=== Begin Enclosure ===
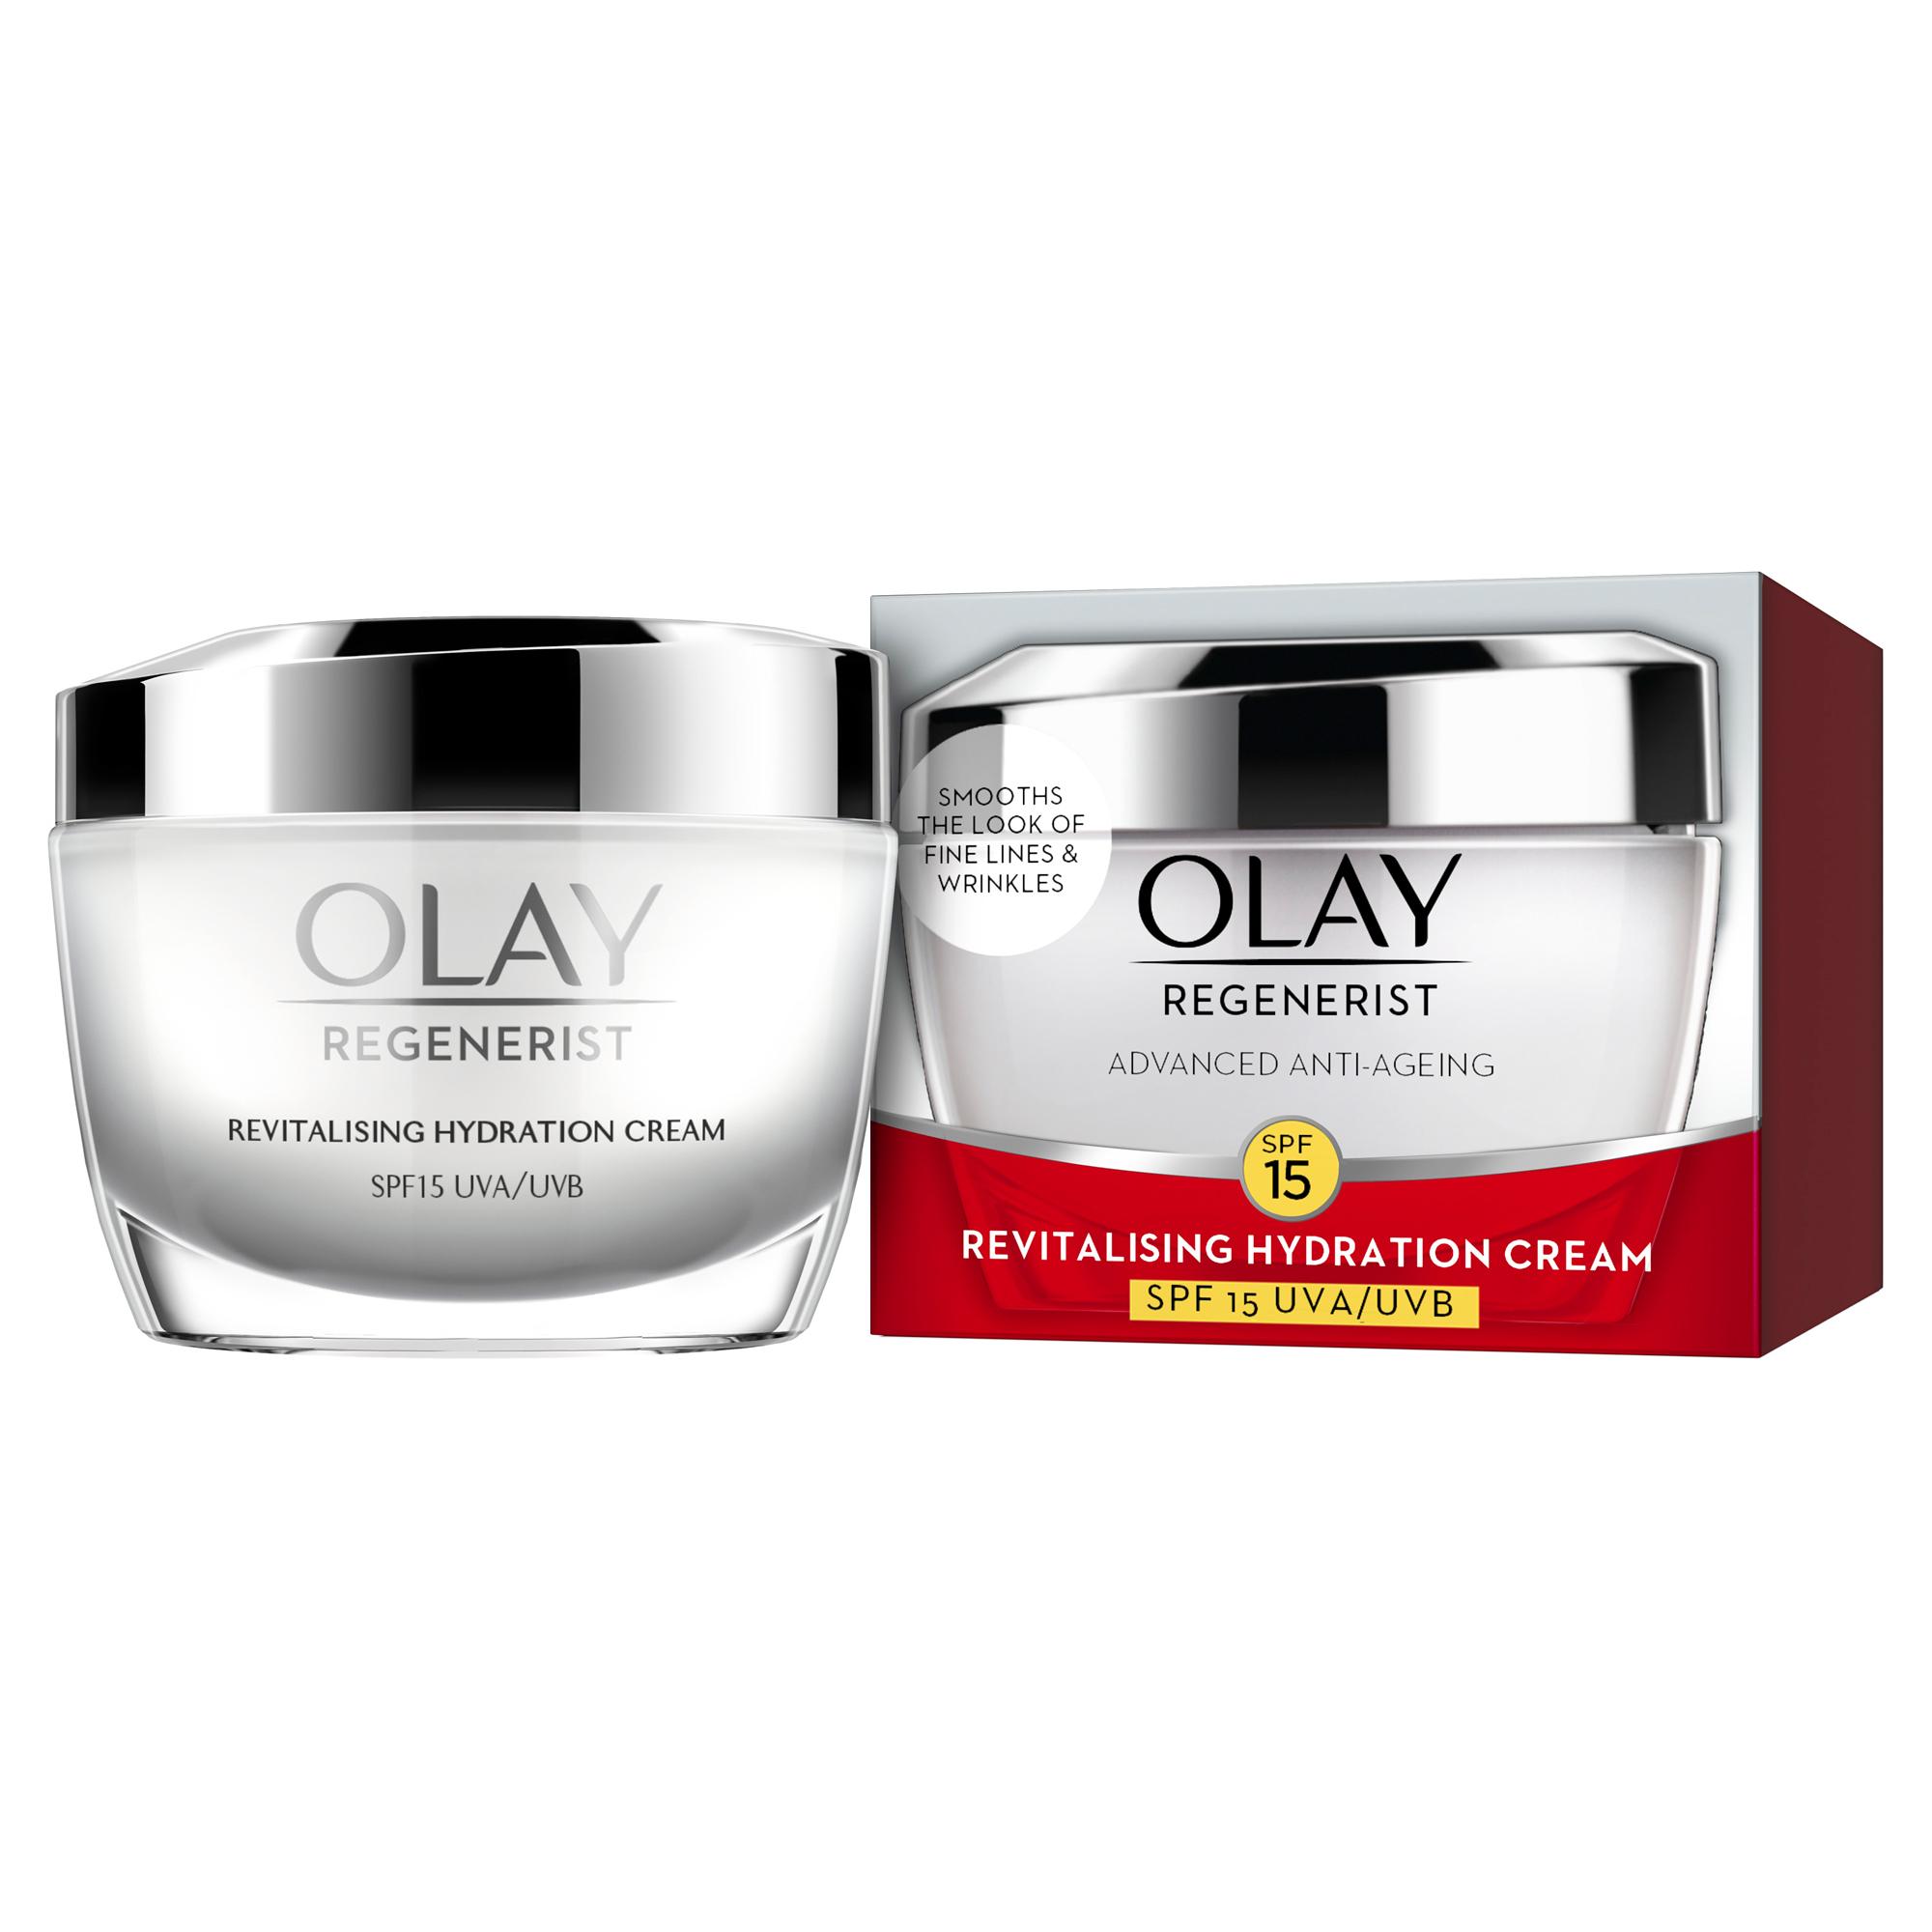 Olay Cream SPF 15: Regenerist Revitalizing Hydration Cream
=== End Enclosure ===
=== Begin Enclosure ===
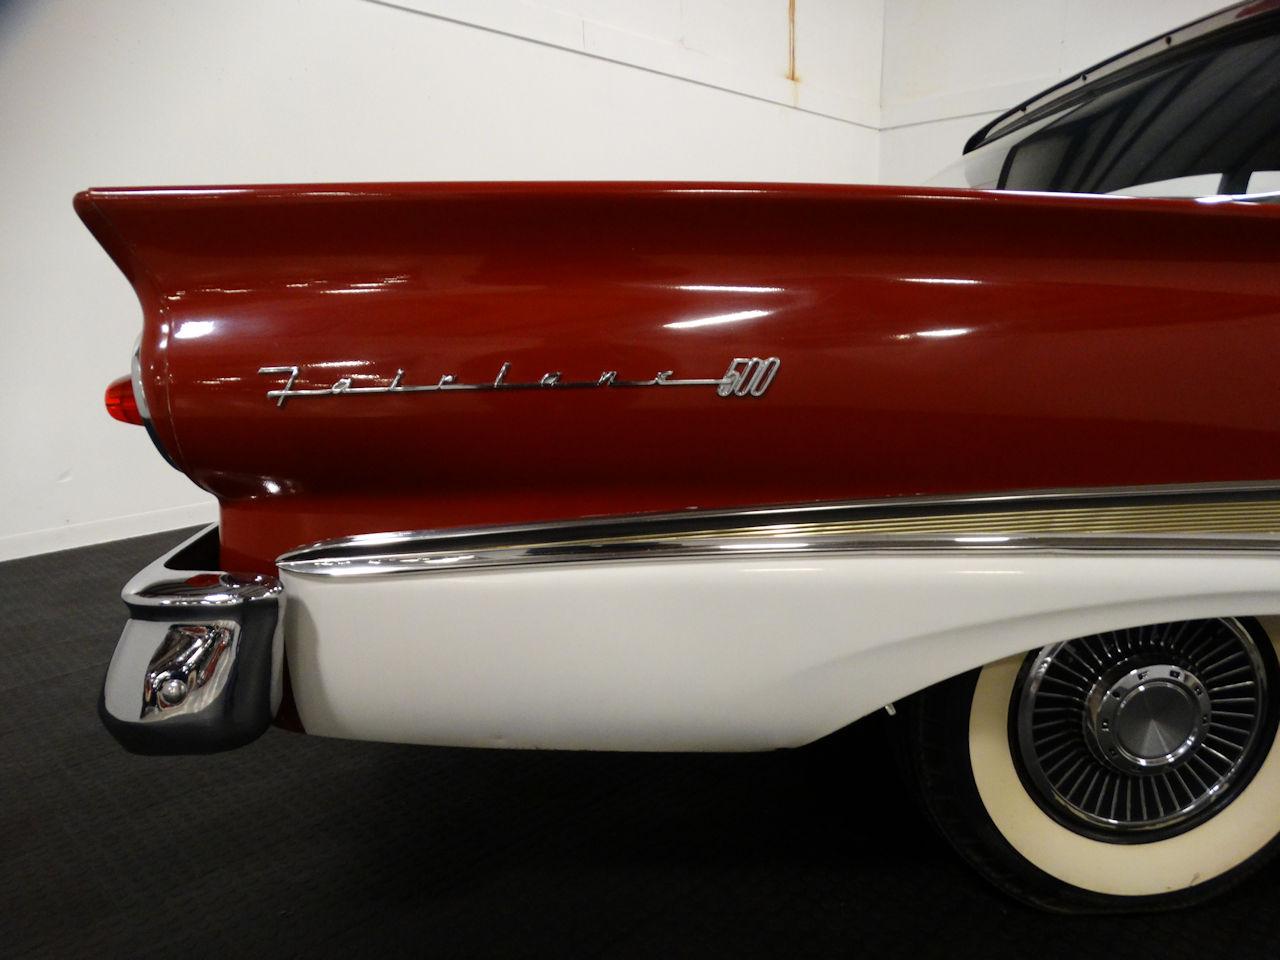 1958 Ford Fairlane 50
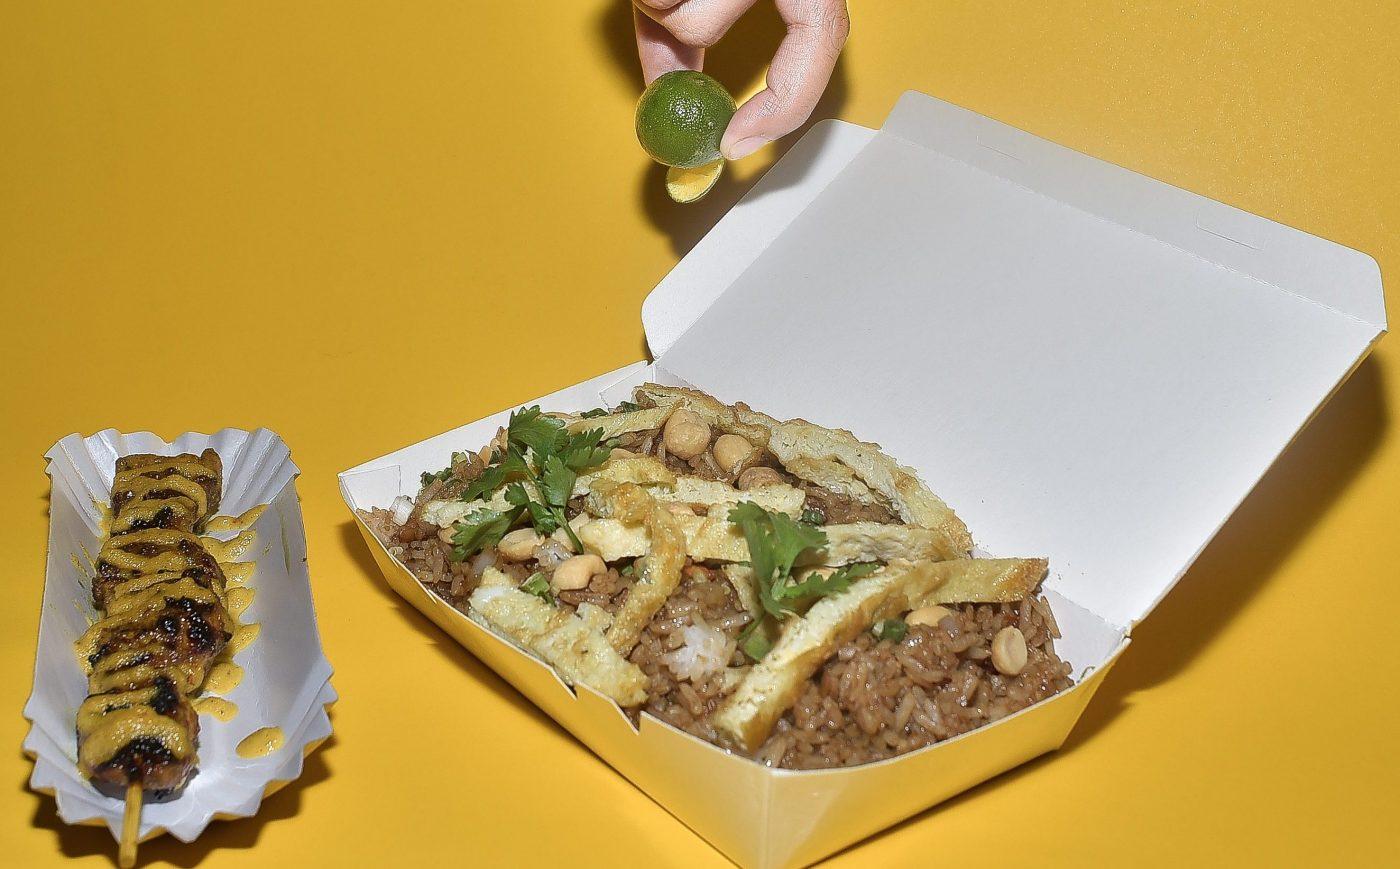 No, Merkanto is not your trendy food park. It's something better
=== End Enclosure ===
=== Begin Enclosure ===
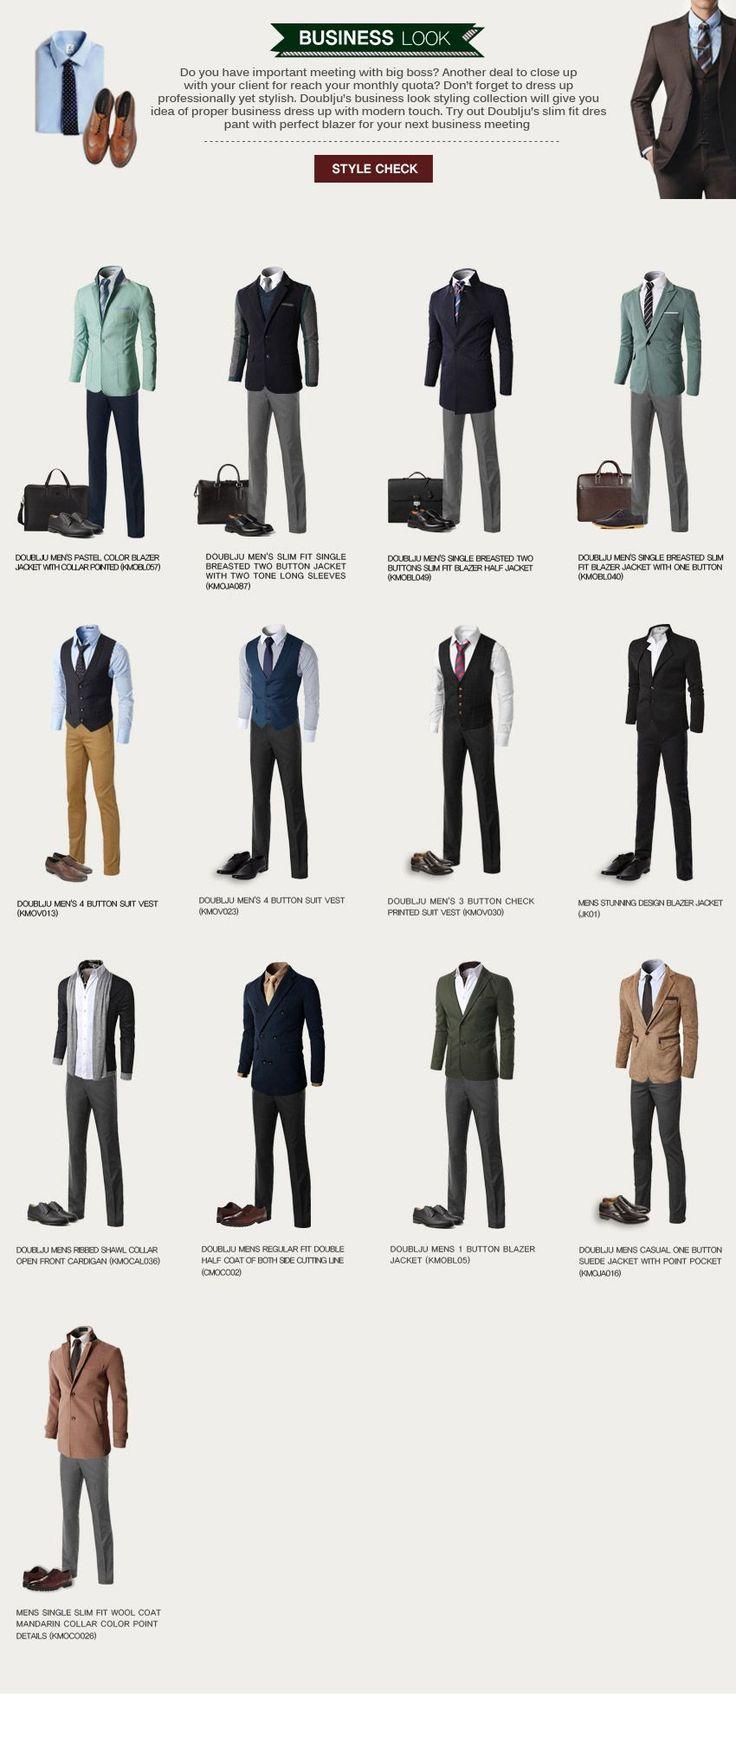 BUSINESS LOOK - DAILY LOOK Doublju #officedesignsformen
=== End Enclosure ===
§ What you will do: Would you transcribe the lines above exactly, going from the line bearing "1958 Ford Fairlane 50" through the line bearing "No, Merkanto is", and drop the pictures from the copy?

§ Output of the task:
 1958 Ford Fairlane 50
 No, Merkanto is not your trendy food park. It's something better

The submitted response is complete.